- Active: 6th–8th centuries
- Country: Göktürk Khaganate; Kipchak confederation
- Allegiance: Khaganate
- Branch: Imperial Guard
- Type: Elite guard unit
- Role: Political and military protection
- Garrison/HQ: Orkhon region

= Böri =

Elite guard unit in early Turkic states

Böri (Old Turkic: wolf; also spelled Börü) was an elite guard unit in early Turkic states, responsible for the close protection of the Khagan (ruler). The term derives from Chinese transcriptions fu-li (拂梨) in Tang‑dynasty records.

==History==
In the Göktürk Empire (6th–8th centuries), Chinese sources refer to the Khagan's personal guard as fu‑li (拂梨), rendered in Turkic as böri/börü (wolf). Selected from the most valiant nobles at the kurultay, they served as the sovereign's bodyguards during court ceremonies and military campaigns.

Among the Kipchak (Cuman) tribes, a similar concept appeared under the name Bori, often as a title or personal name linked to royal guards.

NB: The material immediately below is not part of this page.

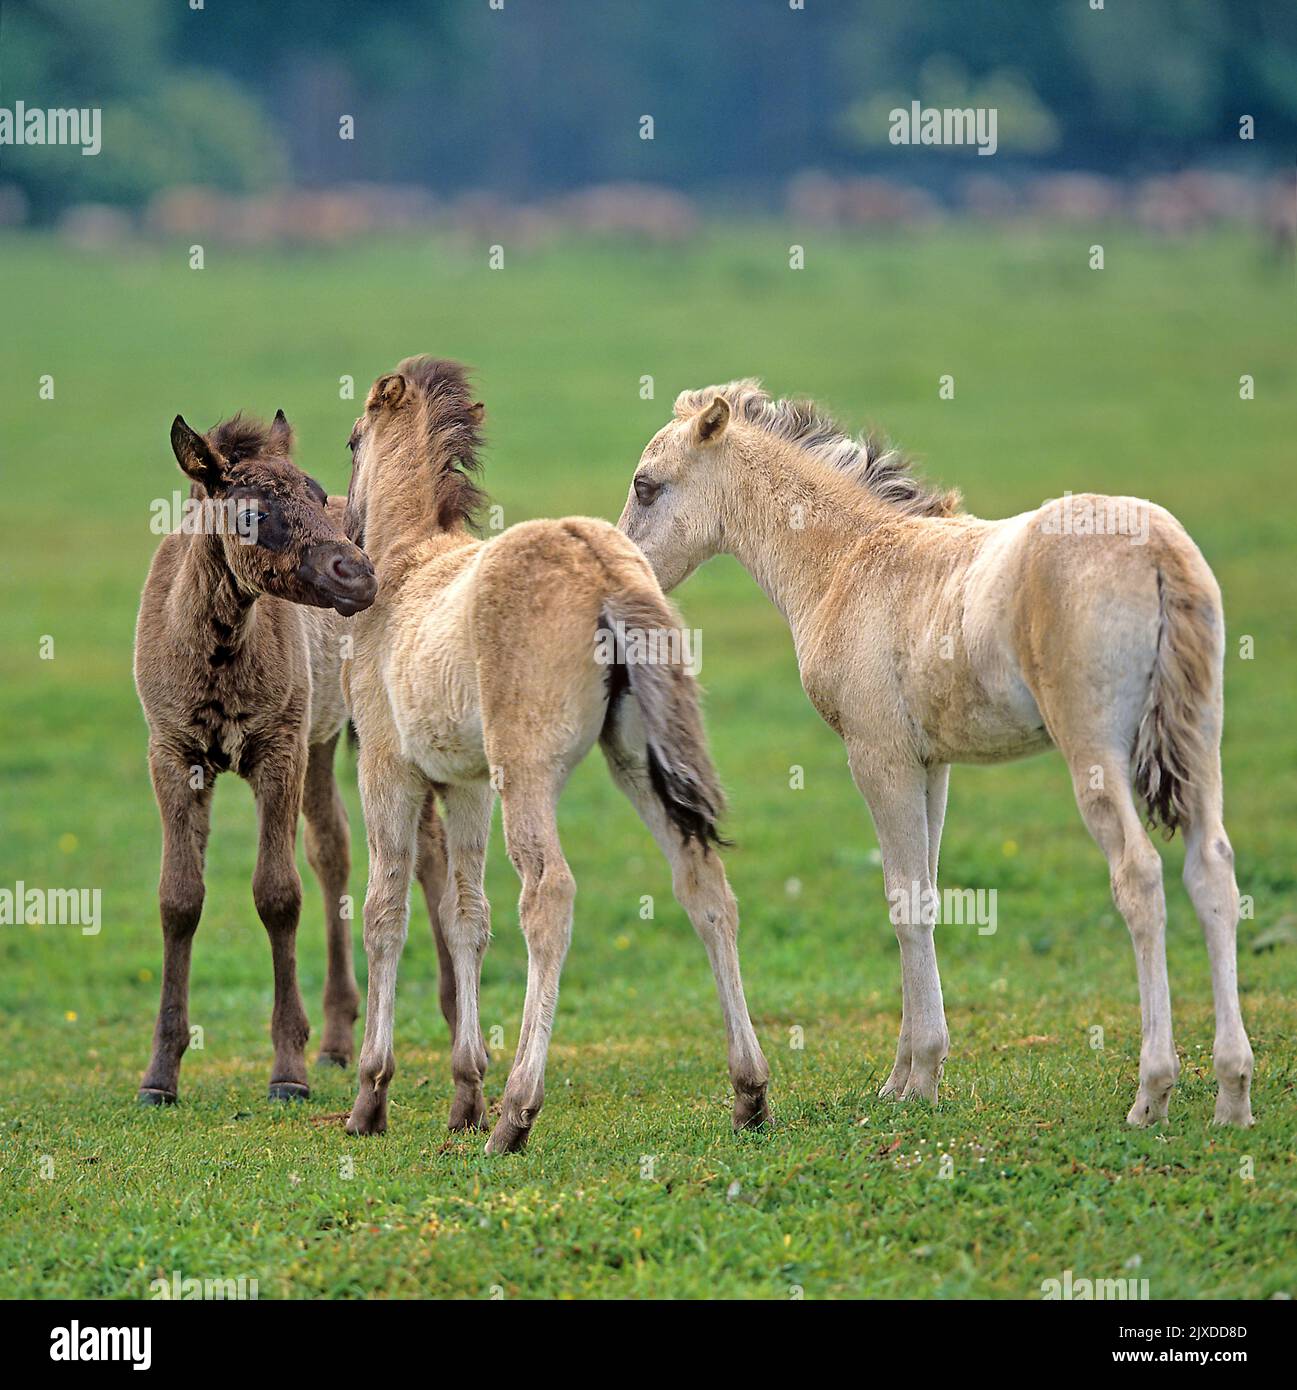 Duelmen Pony,. Three foals greet each other, get to know each other, sniff each other, new friends. Duelmen, Meerfelder Bruch, North Rhine-Westphalia. Germany Stock Photo

==Roles and organization==
- Protection of the Khagan: Forming the innermost defensive ring around the ruler.
- Reconnaissance and intelligence: Mounted scout detachments tasked with infiltration, surveillance, and communication.
- Ceremonial duties: Serving as symbols of authority during peace‑time rituals and occasionally performing administrative tasks.

==Etymology==
The Turkic word böri/börü means "wolf" and reflects the Chinese transcription fu‑li (拂梨).
1. Legendary origin: Chinese annals recount that the Ashina clan, founders of the Göktürk Khaganate, descended from a she‑wolf ("gök kurt"), symbolically linking the guard's name to divine ancestry.
2. Symbolic meaning: The wolf represents courage, loyalty, and endurance—virtues embodied by the guard unit.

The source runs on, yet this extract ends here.